Parameters: - rows – Number of rows to display.
- cols – Number of columns to display.
- kwargs – Extra arguments passed from other methods.
Returns: None
- impute(column, method, combine_method, by, inplace)[source]¶
Impute a column in this H2OFrame.
Parameters: - column – The column to impute
- method – How to compute the imputation value.
- combine_method – For even samples and method=”median”, how to combine quantiles.
- by – Columns to group-by for computing imputation value per groups of columns.
- inplace – Impute inplace?
Returns: the imputed frame.
- keys()[source]¶
Retrieve the keys for each of the H2OVec objects comrpising this H2OFrame.
Returns: the array of keys.
- levels(col=0)[source]¶
Get the factor levels for this frame and the specified column index.
Parameters: col – A column index in this H2OFrame. Returns: a list of strings that are the factor levels for the column.
- merge(other, allLeft=False, allRite=False)[source]¶
Merge two datasets based on common column names
Parameters: - other – Other dataset to merge. Must have at least one column in common with self, and all columns in common are used as the merge key. If you want to use only a subset of the columns in common, rename the other columns so the columns are unique in the merged result.
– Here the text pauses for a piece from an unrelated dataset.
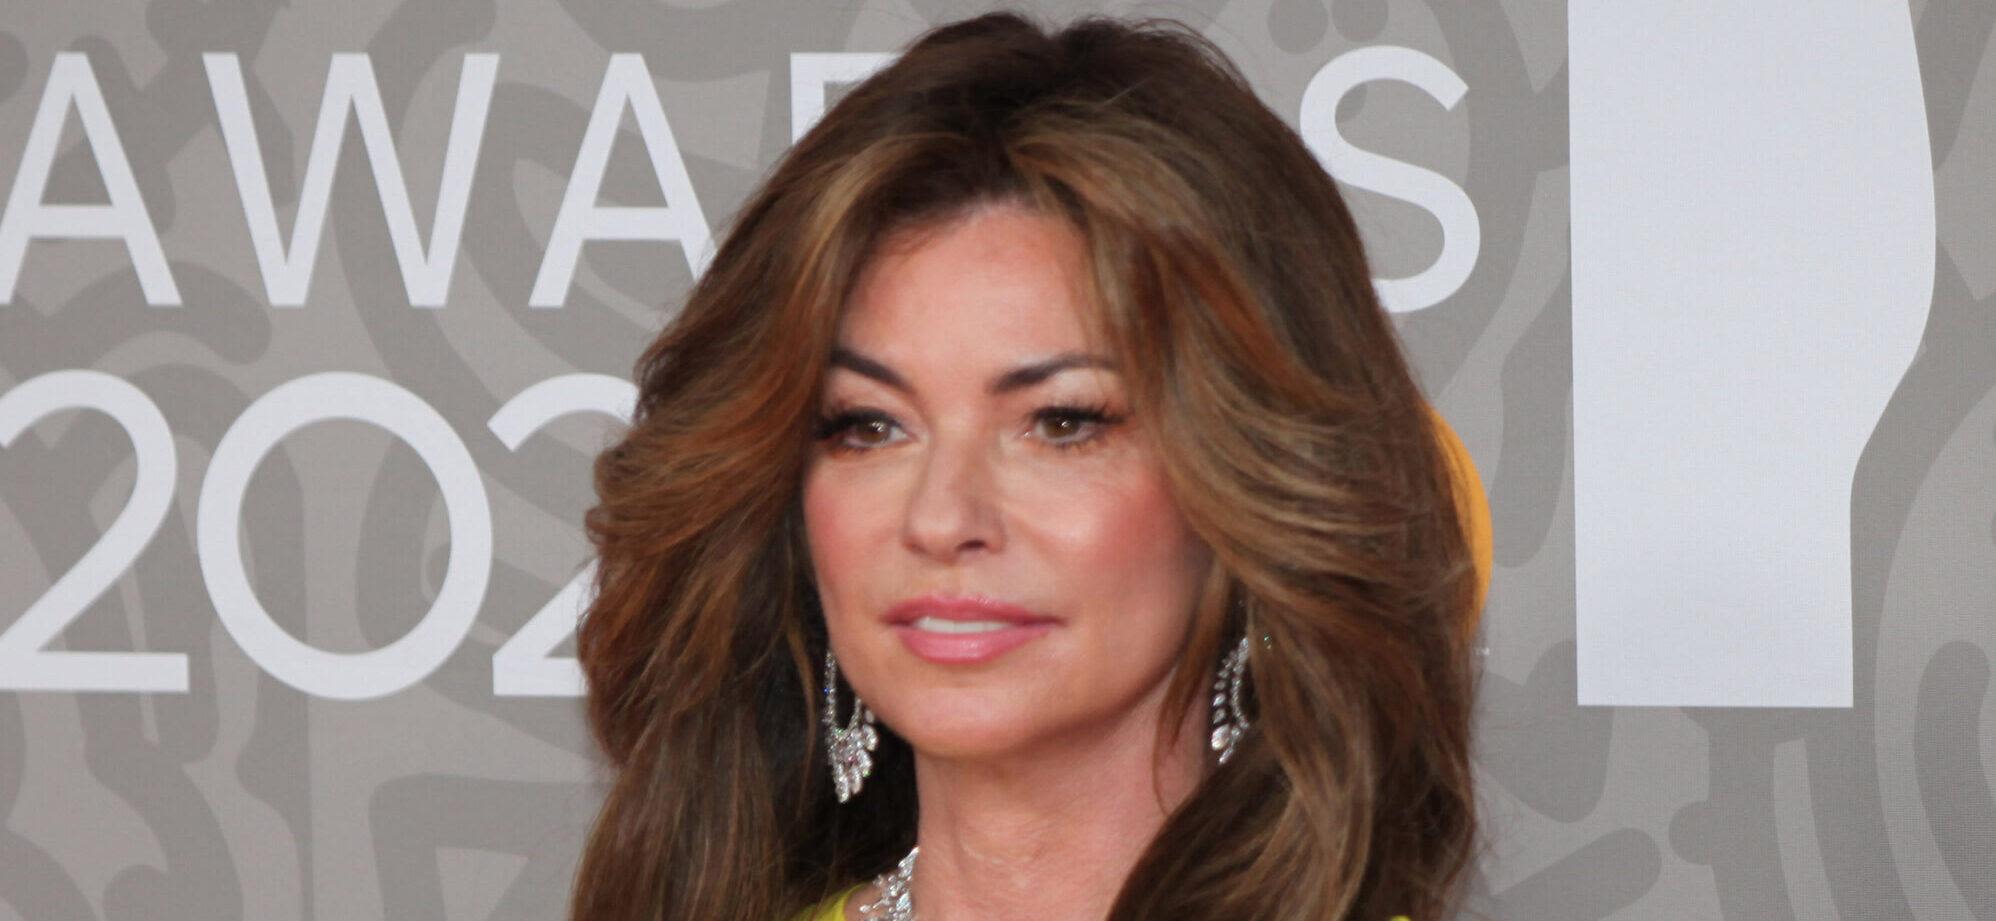 Shania Twain Dubbed 'Unrecognizable' After Bursting Out New Look For 'American Idol'

- allLeft – If true, include all rows from the left/self frame
- allRite – If true, include all rows from the right/other frame
Returns: Original self frame enhanced with merged columns and rows
- names()[source]¶
Retrieve the column names (one name per H2OVec) for this H2OFrame.
Returns: A character list[] of column names.
- ncol()[source]¶
Get the number of columns in this H2OFrame.
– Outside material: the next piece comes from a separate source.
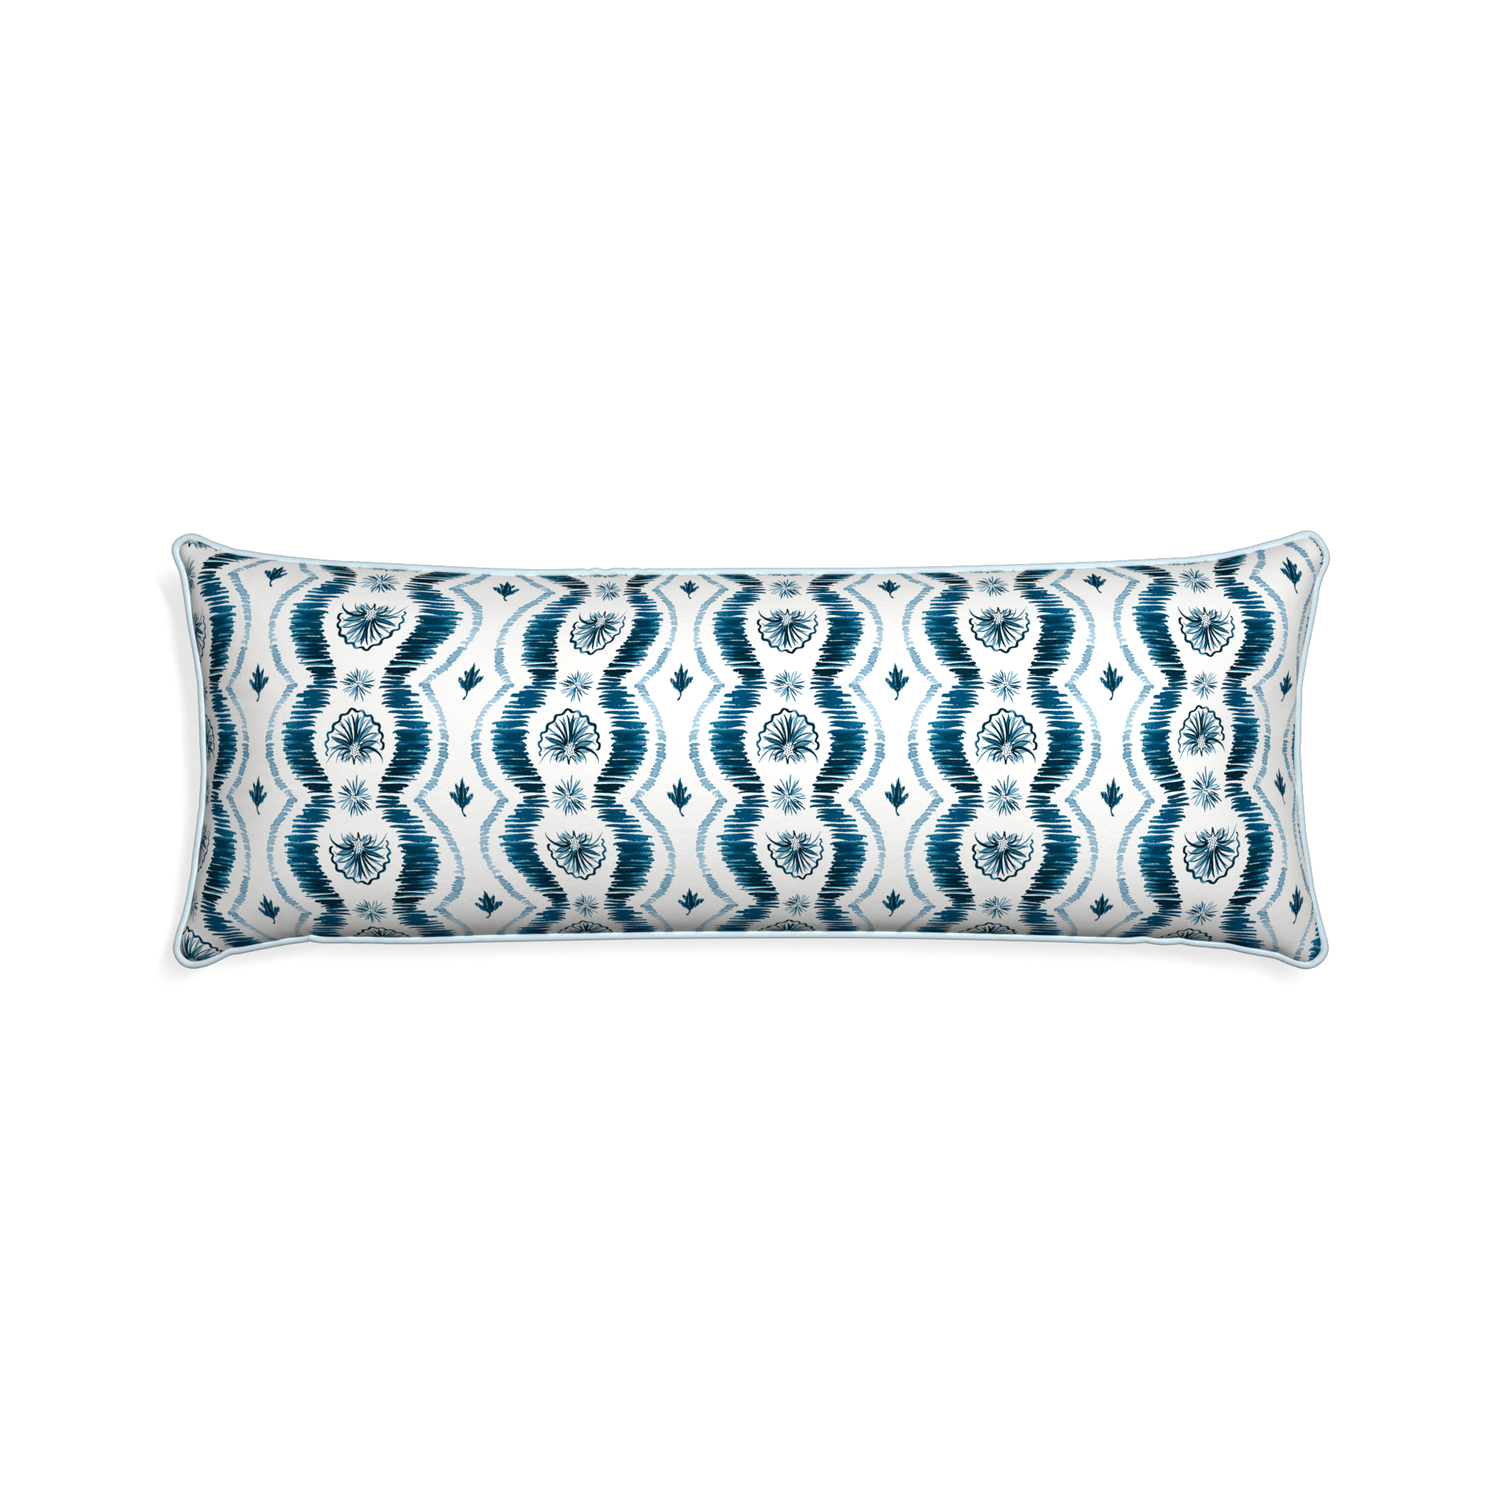 Xl-lumbar alice custom blue ikatpillow with powder piping on white background

Returns: The number of columns in this H2OFrame.
- nrow()[source]¶
Get the number of rows in this H2OFrame.
Returns: The number of rows in this dataset.
- quantile(prob=None, combine_method='interpolate')[source]¶
Compute quantiles over a given H2OFrame.
Parameters: - prob – A list of probabilties, default is [0.01,0.1,0.25,0.333,0.5,0.667,0.75,0.9,0.99]. You may provide any sequence of any length.
- combine_method – For even samples, how to combine quantiles. Should be one of [“interpolate”, “average”, “low”, “hi”]
Returns: an H2OFrame containing the quantiles and probabilities.
- setNames(names)[source]¶
Change the column names to names.
Parameters: names – A list of strings equal to the number of columns in the H2OFrame. Returns: None. Rename the column names in this H2OFrame.
H2OVec¶
- class h2o.frame.H2OVec(name, expr)[source]¶
A single column of data that is uniformly typed and possibly lazily computed.
- append(data)[source]¶
Append a value during CSV read, convert to float.
Parameters: data – An element being appended to the end of this H2OVec Returns: void
- cbind(data)[source]¶
Parameters: data – H2OFrame or H2OVec Returns: new H2OFrame with data cbinded to the end
- get_expr()[source]¶
Helper method to obtain the expr object in self. Can also get it directly @ ._expr.
Returns: the _expr member of this H2OVec
- isfactor()[source]¶
Returns: A lazy Expr representing the truth of whether or not this vec is a factor.
- static mktime(year=1970, month=0, day=0, hour=0, minute=0, second=0, msec=0)[source]¶
All units are zero-based (including months and days). Missing year is 1970.
Returns: Returns msec since the Epoch.
- quantile(prob=None, combine_method='interpolate')[source]¶
Returns: A lazy Expr representing the quantiles of this H2OVec.
- row_select(vec)[source]¶
Boolean column select lookup
Parameters: vec – An H2OVec. Returns: A new H2OVec.
- runif(seed=None)[source]¶
Parameters: seed – A random seed. If None, then one will be generated. Returns: A new H2OVec filled with doubles sampled uniformly from [0,1).
- setName(name)[source]¶
Set the column name for this column.
Parameters: name – The new name for this column. Returns: None
- show(noprint=False)[source]¶
Pretty print this H2OVec, or return values up to an iterator on an enclosing Frame
Parameters: noprint – A boolean stating whether to print or to return data. Returns: If noprint is False, then self._expr is returned.